For the next two years, Cindy consistently received combination chemotherapy at the MemorialCare Todd Cancer Institute (TCI) at Long Beach Medical Center. First, she underwent eight months of R-CHOP treatment to kill the cancer, followed by 18 months of Rituxan® maintenance. Like many patients fighting cancer, Cindy’s journey wasn’t without complication.

“The first time I received treatment, my body reacted negatively to the medicine,” says Cindy. “I was admitted to the hospital as an inpatient for the first six treatment sessions but was able to receive treatment at the Ambulatory Infusion Center at Long Beach Medical Center for the last two remaining sessions.” The Ambulatory Infusion Center (AIC) at Long Beach Medical Center provides outpatient treatment and support to patients with cancer. With state-of-the-art technology and specially certified staff, the AIC provides patients and their loved ones with education about medications, side effect management tools and the opportunity to obtain other needed services and support. During Cindy’s entire journey, her family and friends pulled together and supported each other while Cindy regained her strength.

“My daughters took on more responsibility around the house, my husband, my biggest advocate and cheerleader, made sure my parents and grandparents were by my side and my dearest friends cooked meals the week of my treatments and brought the girls to see me while I was in the hospital,” says Cindy. “The entire journey was difficult because it limited me being able to do all that I wanted. I wasn’t able to tour colleges with Mollye and that was upsetting, but my parents stepped in and made sure that it was still possible for my daughter.”

Though Cindy’s cancer journey consisted of a few detours and bumps along the way, she never allowed her diagnosis to deter her from accomplishing a healthy recovery.
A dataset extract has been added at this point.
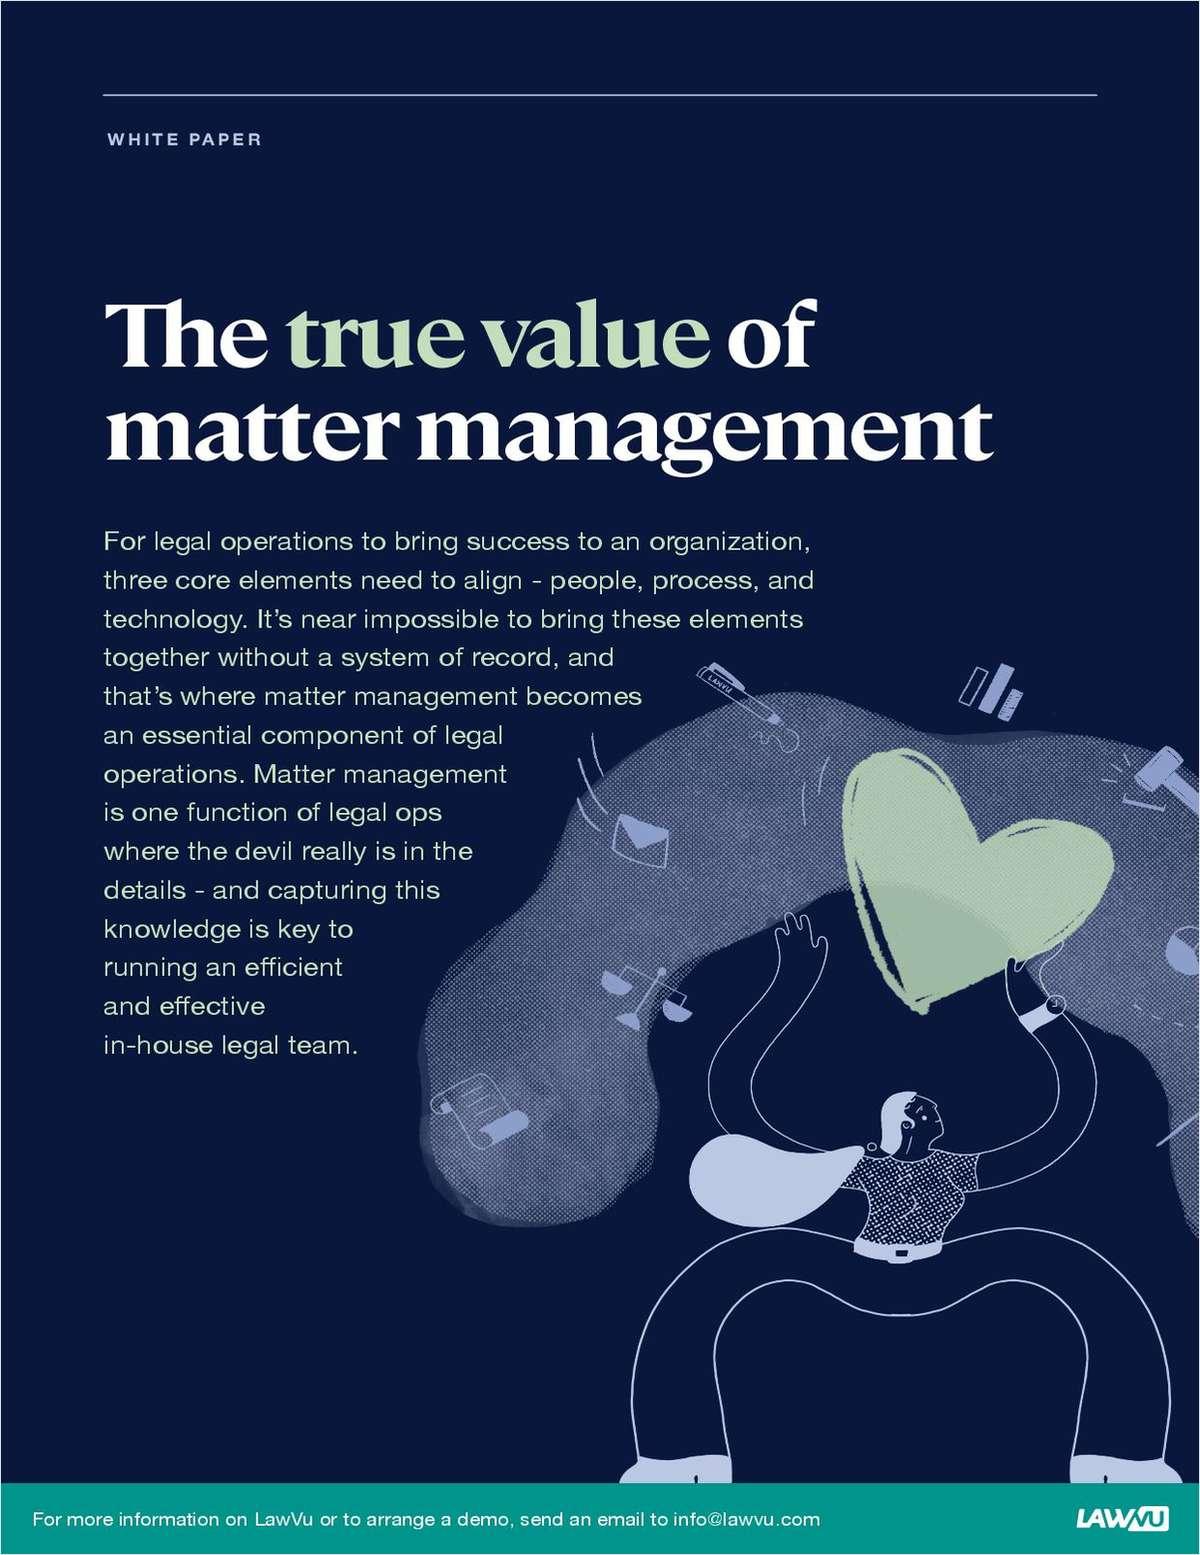 The True Value of Matter Management

“While receiving chemotherapy Cindy developed her own program to improve her health which included dietary changes, yoga and walking exercises, along with support groups that aid in the mental work accompanying the diagnosis of cancer,” says Dr. Lyons.
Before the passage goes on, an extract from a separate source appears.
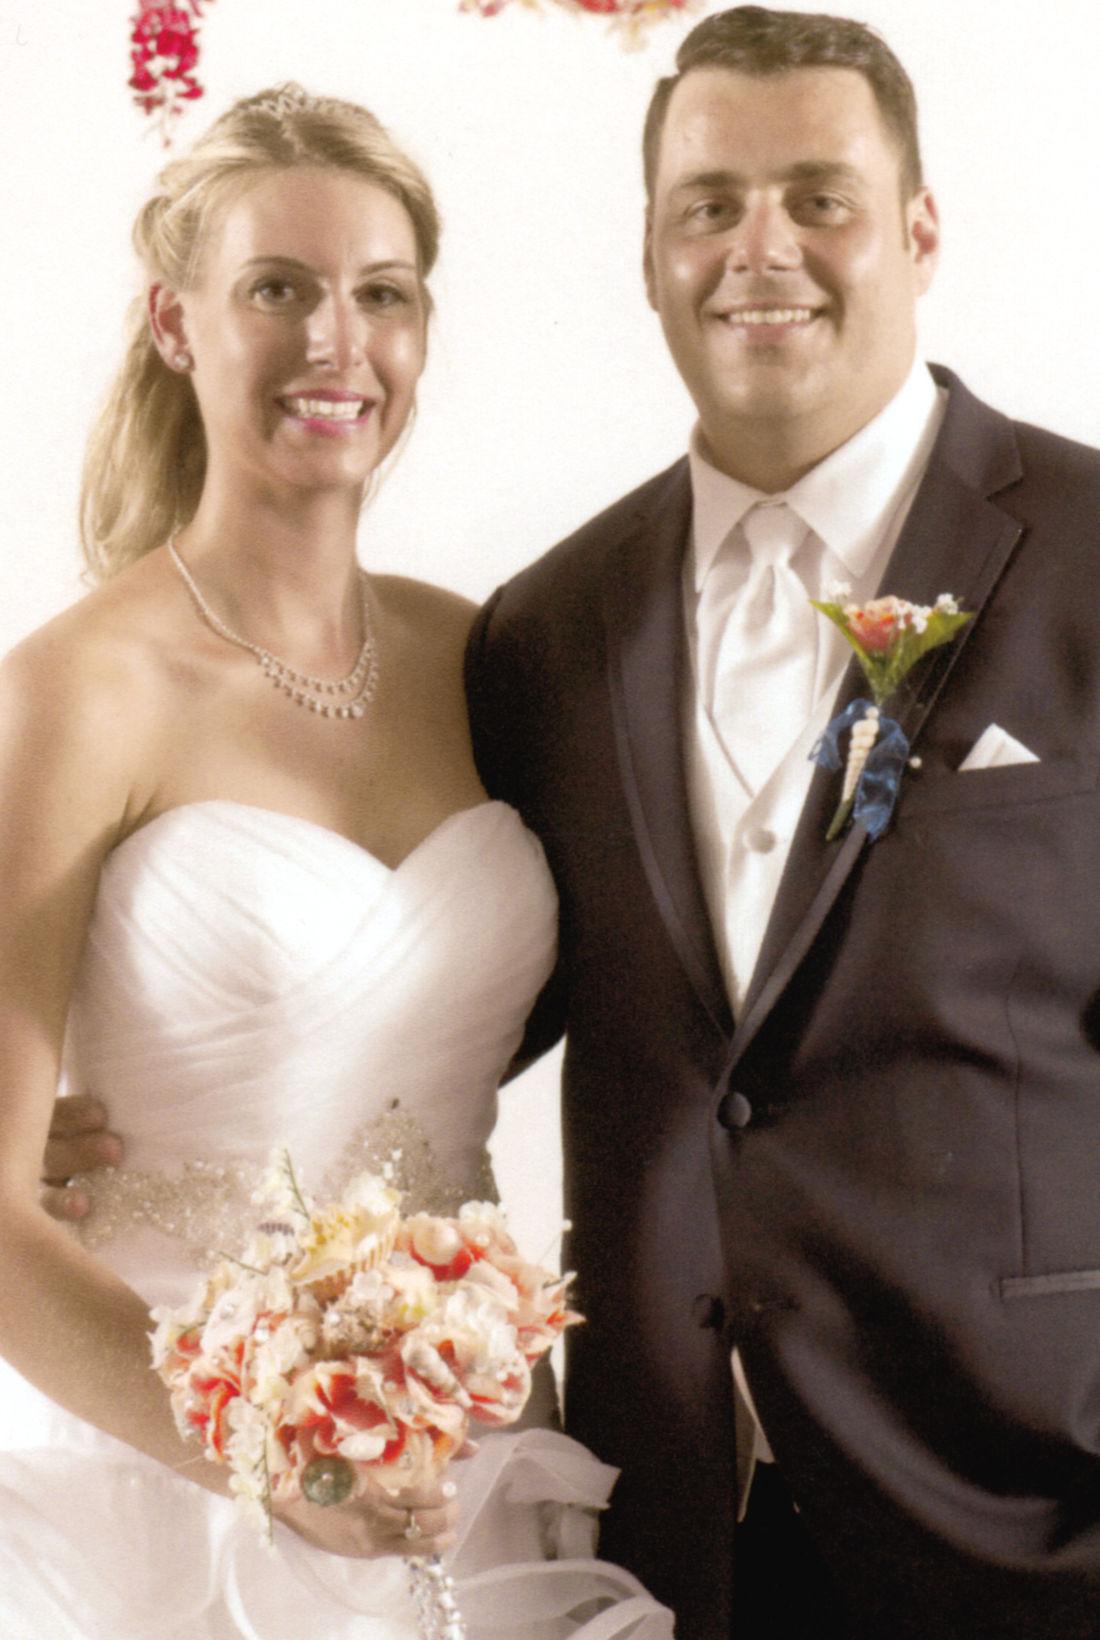 Mr. and Mrs. Jacob Ashby

Cindy’s proactive attitude and the medical expertise of Dr. Lyons and the TCI care team propelled her toward recovery. Two years after diagnosis and completion of therapy, Dr. Lyons announced that Cindy was in remission. With a clean bill of health Cindy took her new lease on life and changed her career path, by enrolling in the graduate program of Health Science at California State University, Long Beach to pursue a Master’s Degree in Public Health.
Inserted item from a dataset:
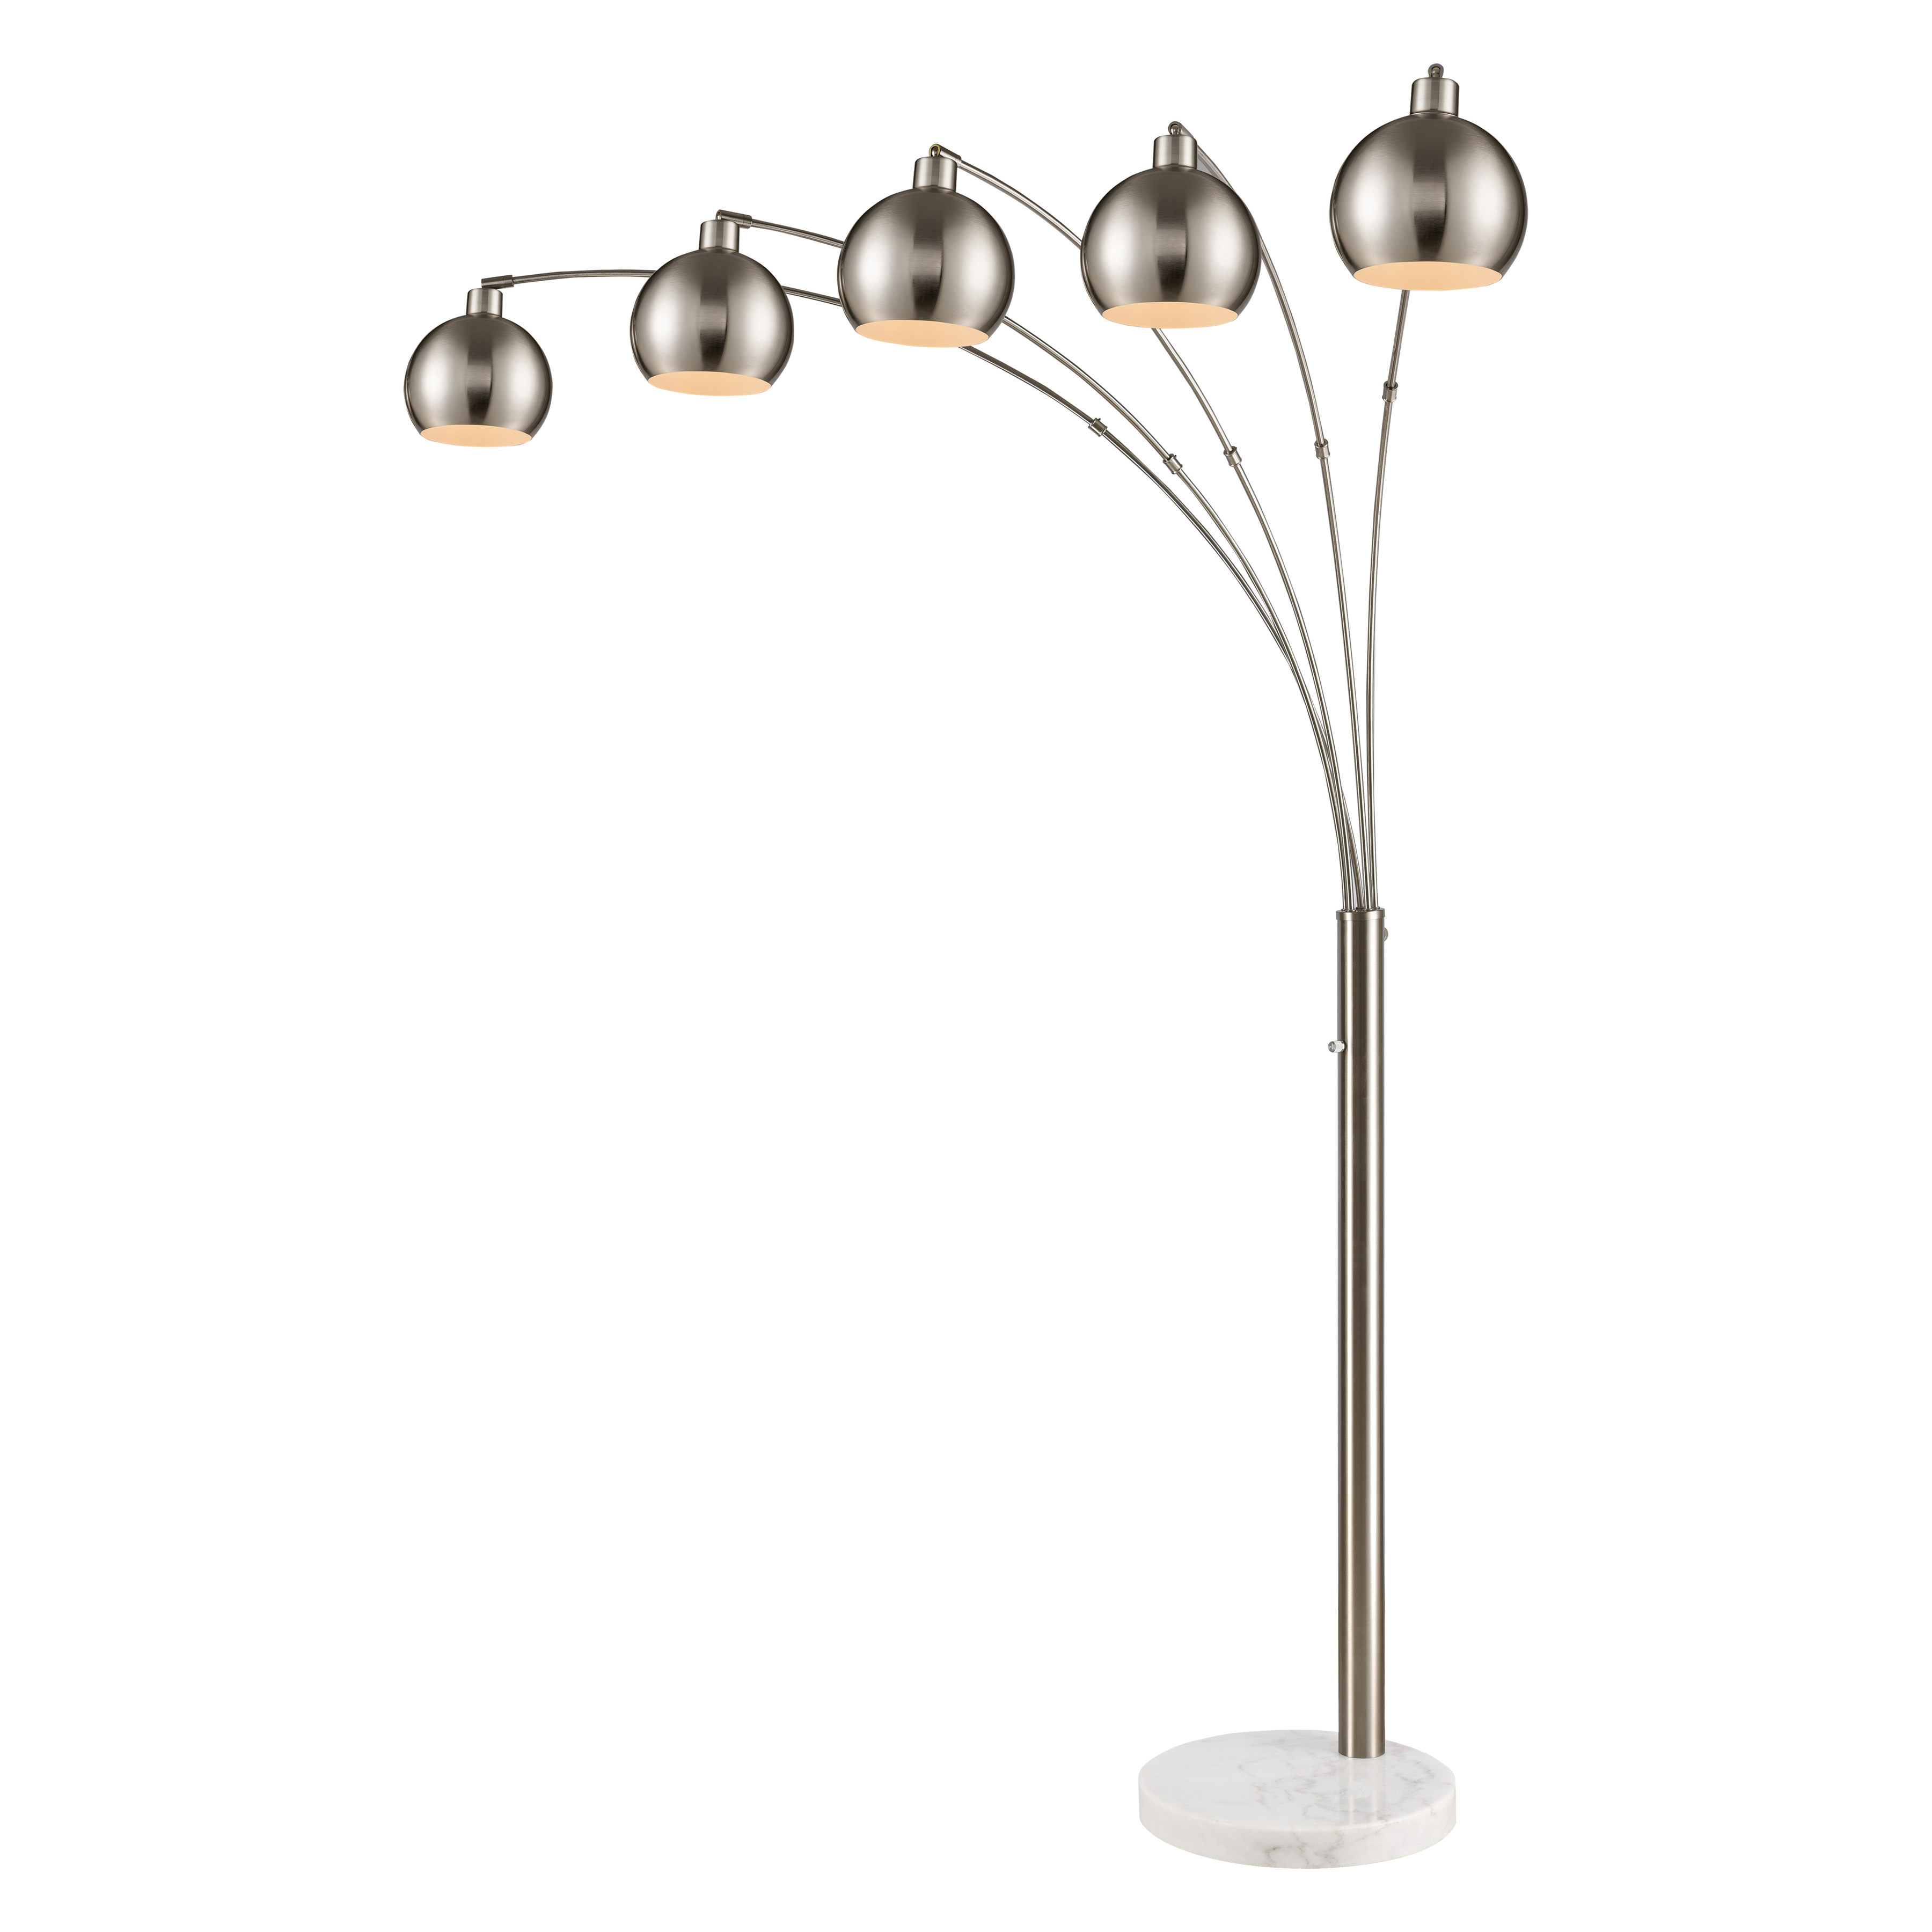 Stein World Peterborough 5-Light Floor Lamp

“I started graduate school in the fall of 2005 post-diagnosis, because I truly felt that I could start something and finish it,” says Cindy. “I wanted to pursue a career in health care, because having the support of a strong health care system and support is the reason why I’m alive today.”

With hard work and determination, Cindy graduated and started her new career as part of Long Beach Medical Center's distinguished health care team. In the fall of 2007, she helped develop the gynecologic peer mentor program “Women Guiding Women”- 1 of only 2 peer-mentoring programs in the nation that aims to support newly diagnosed women with gynecologic cancer by offering a trained survivor as a peer mentor. Mentors provide over the phone support to encourage and empower women to share their journey with someone who has gone through a similar experience.

Reflecting on her strenuous cancer journey, Cindy and Dr. Lyons can both say that over the course of nine years, they have expanded their relationship from that of traditional doctor-to-patient to one of professional colleagues working together to improve the lives of cancer patients.

“I couldn’t thank Dr. Lyons and the care team enough,” says Cindy. “The nurses took such good care of me and my family. They answered any and every question we had and were more than welcoming to all of my visitors. Most of all, they provided me with psychosocial support in addition to the outstanding medical expertise, and that alone makes Long Beach Medical Center stand apart.”